*Exercise material*:

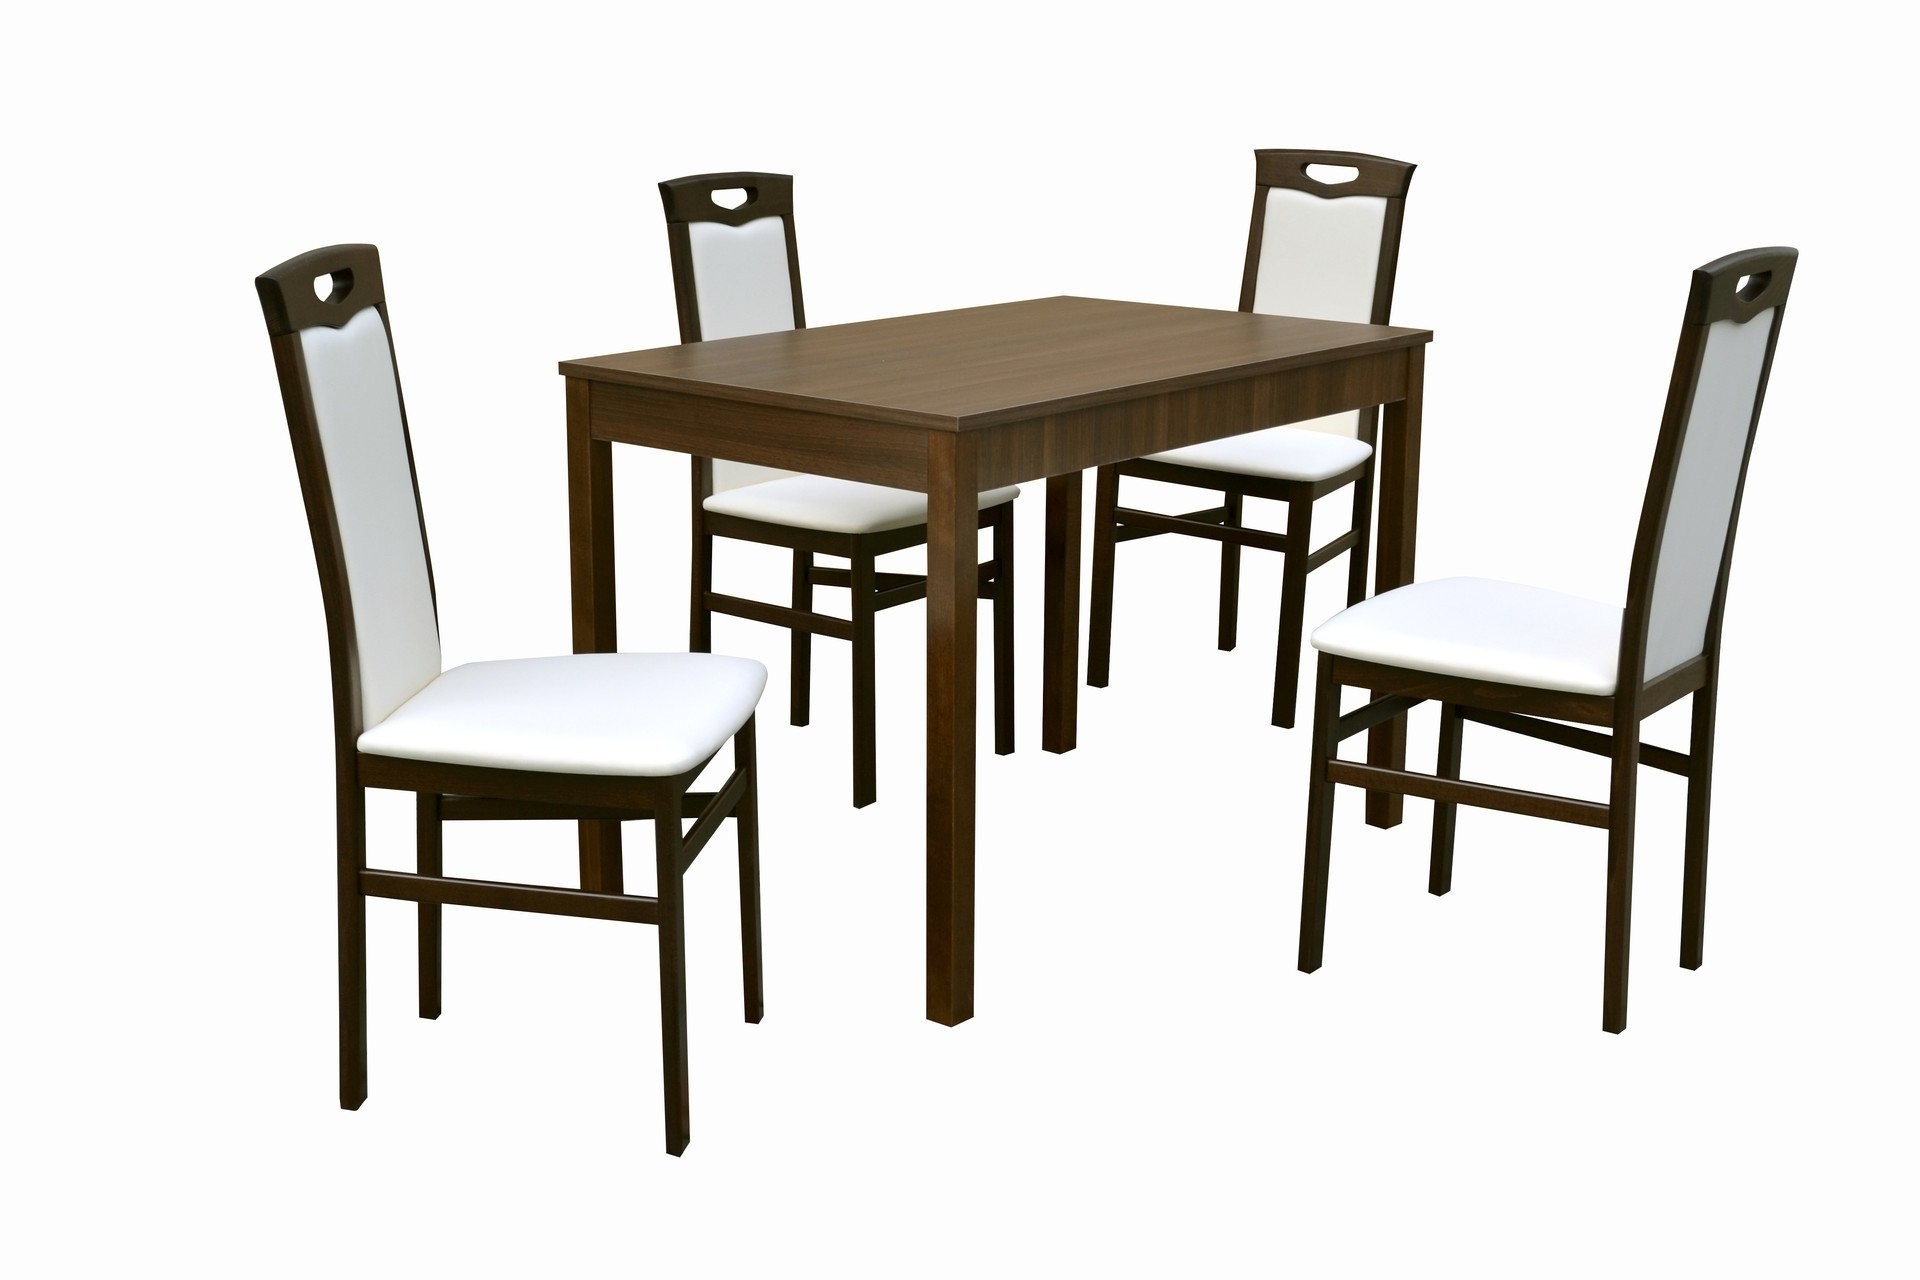 Stôl JUMBO + Stolička BENITO
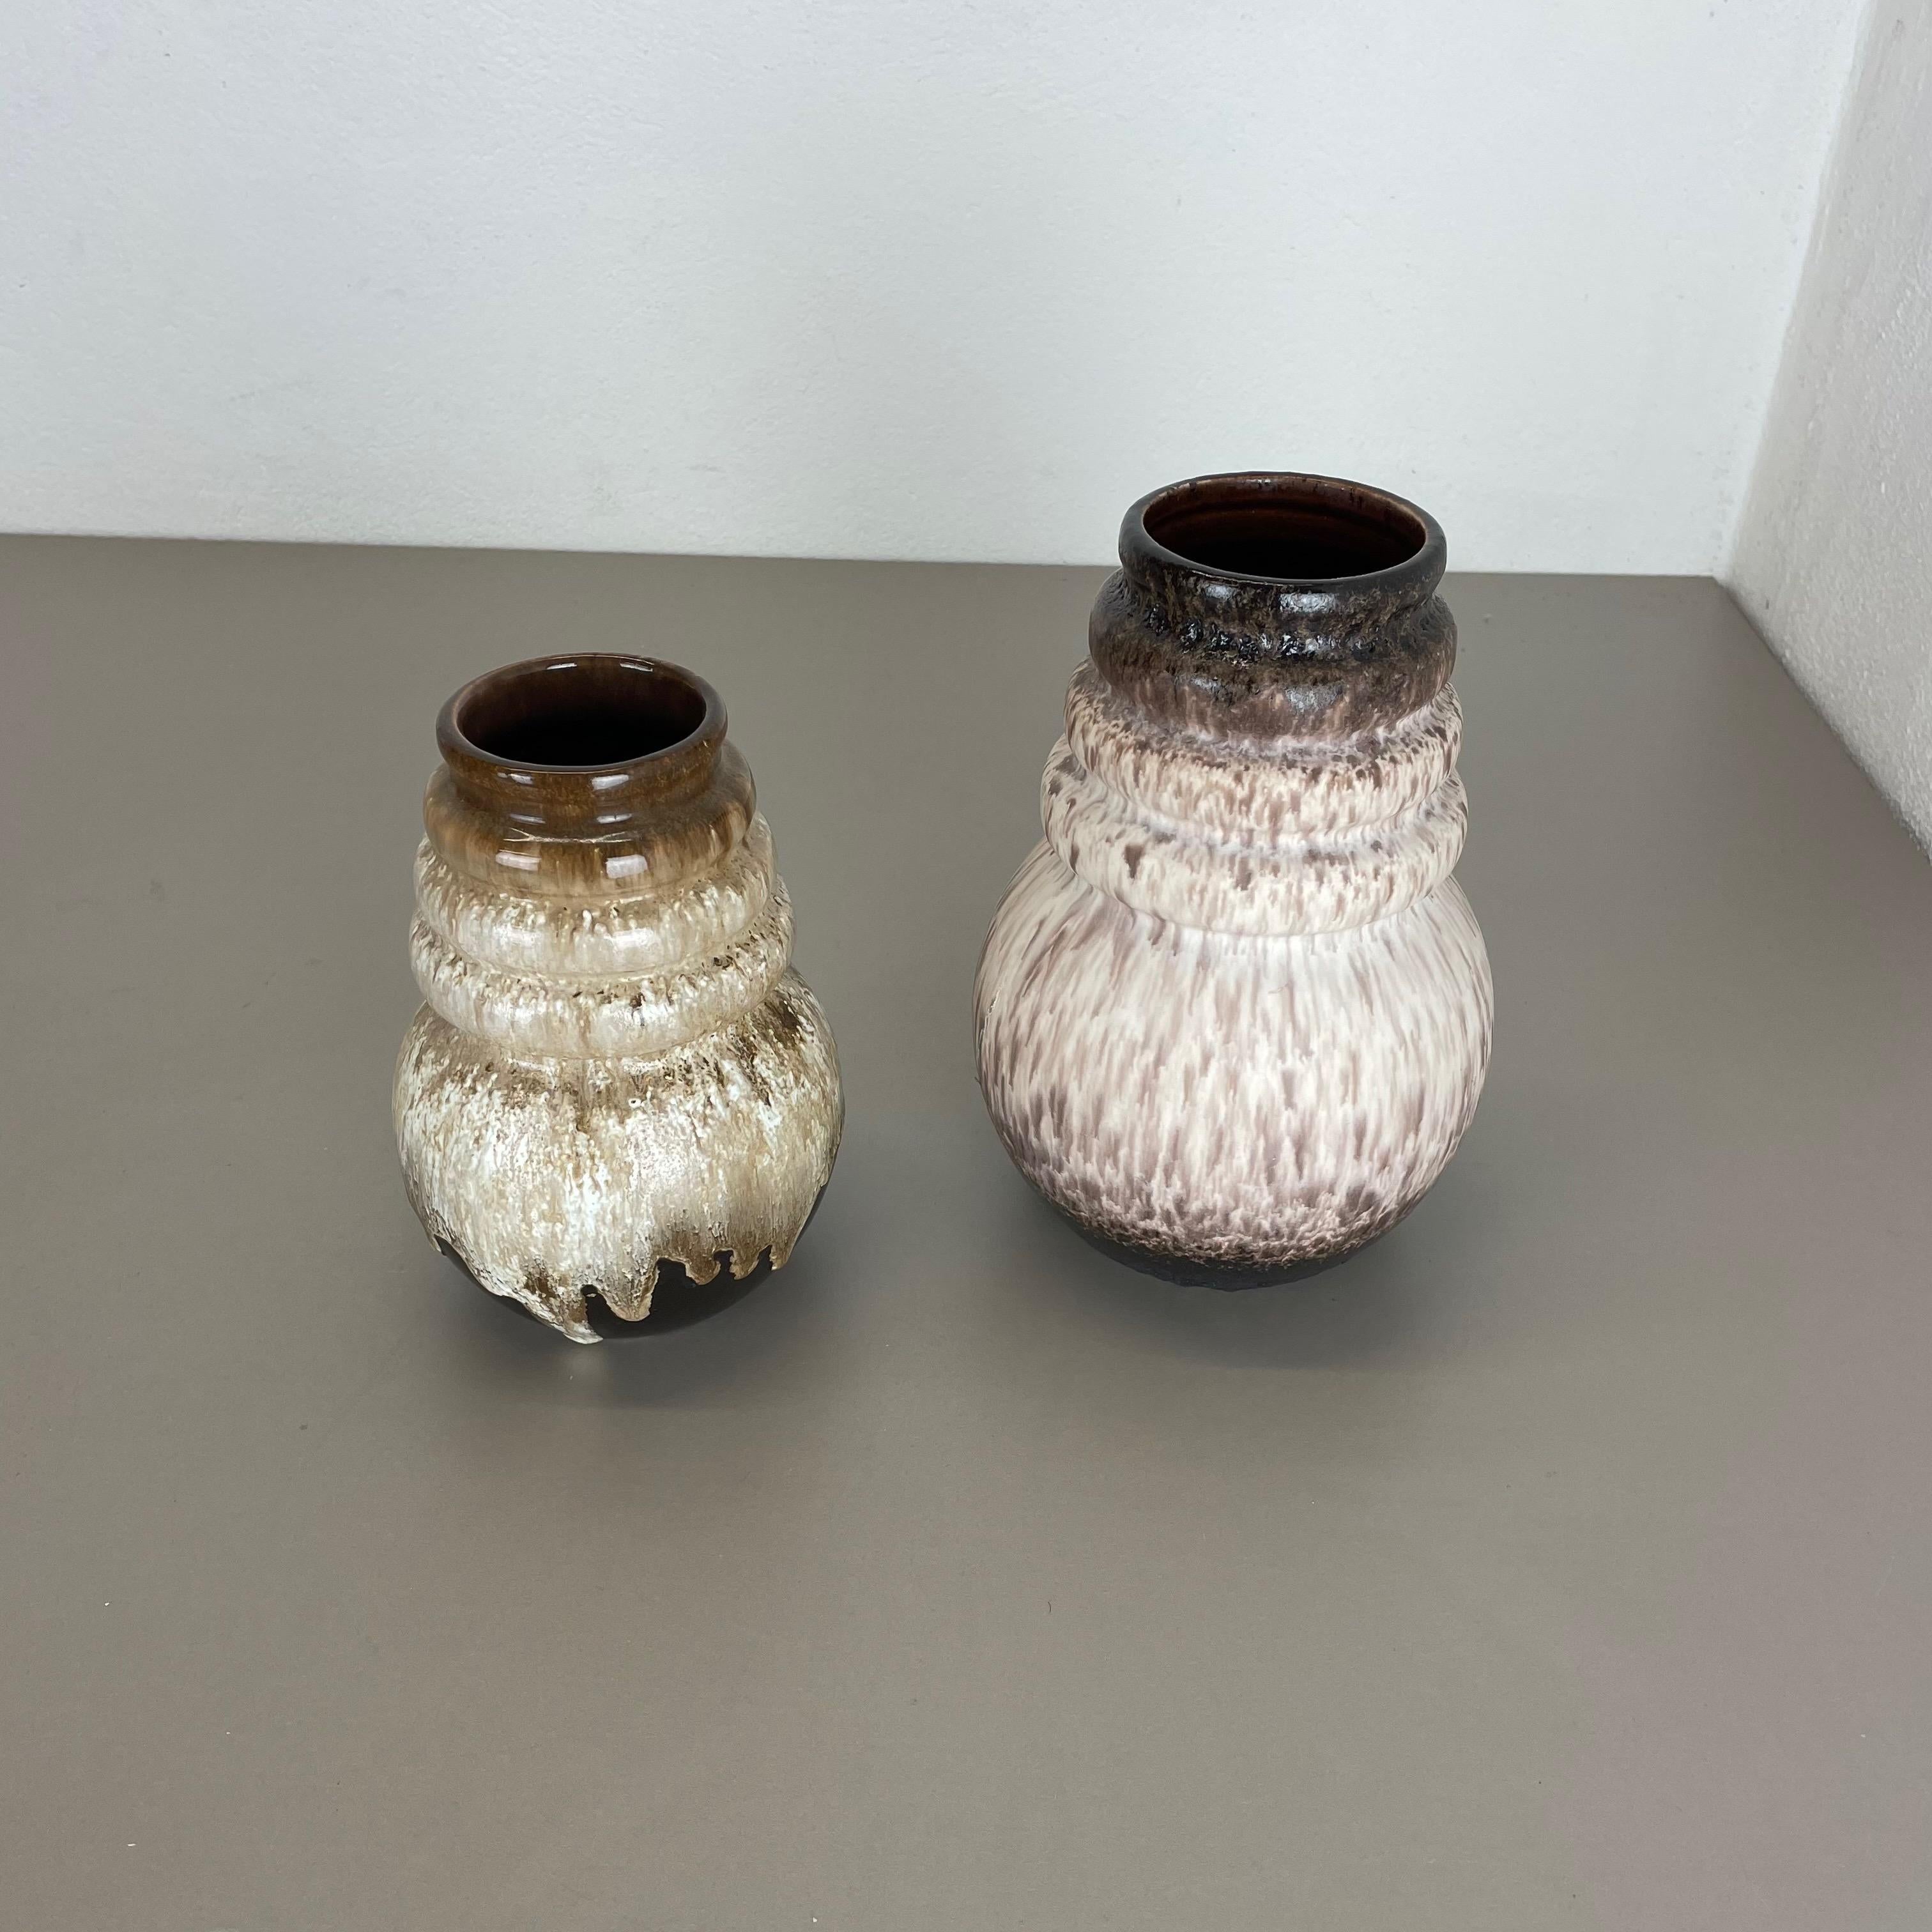 Artikel:

Set aus zwei fetten Lavakunstvasen




Produzent:

Scheurich, Deutschland



Jahrzehnt:

1970s




Diese originalen Vintage-Vasen wurden in den 1970er Jahren in Deutschland hergestellt. Sie ist aus Keramik in fetter

*What you need to do*: Start at the line containing "Scheurich, Deutschland" and transcribe through the end of the entries. Please keep both ends and add nothing.

*Solved problem*:
Scheurich, Deutschland



Jahrzehnt:

1970s




Diese originalen Vintage-Vasen wurden in den 1970er Jahren in Deutschland hergestellt. Sie ist aus Keramik in fetter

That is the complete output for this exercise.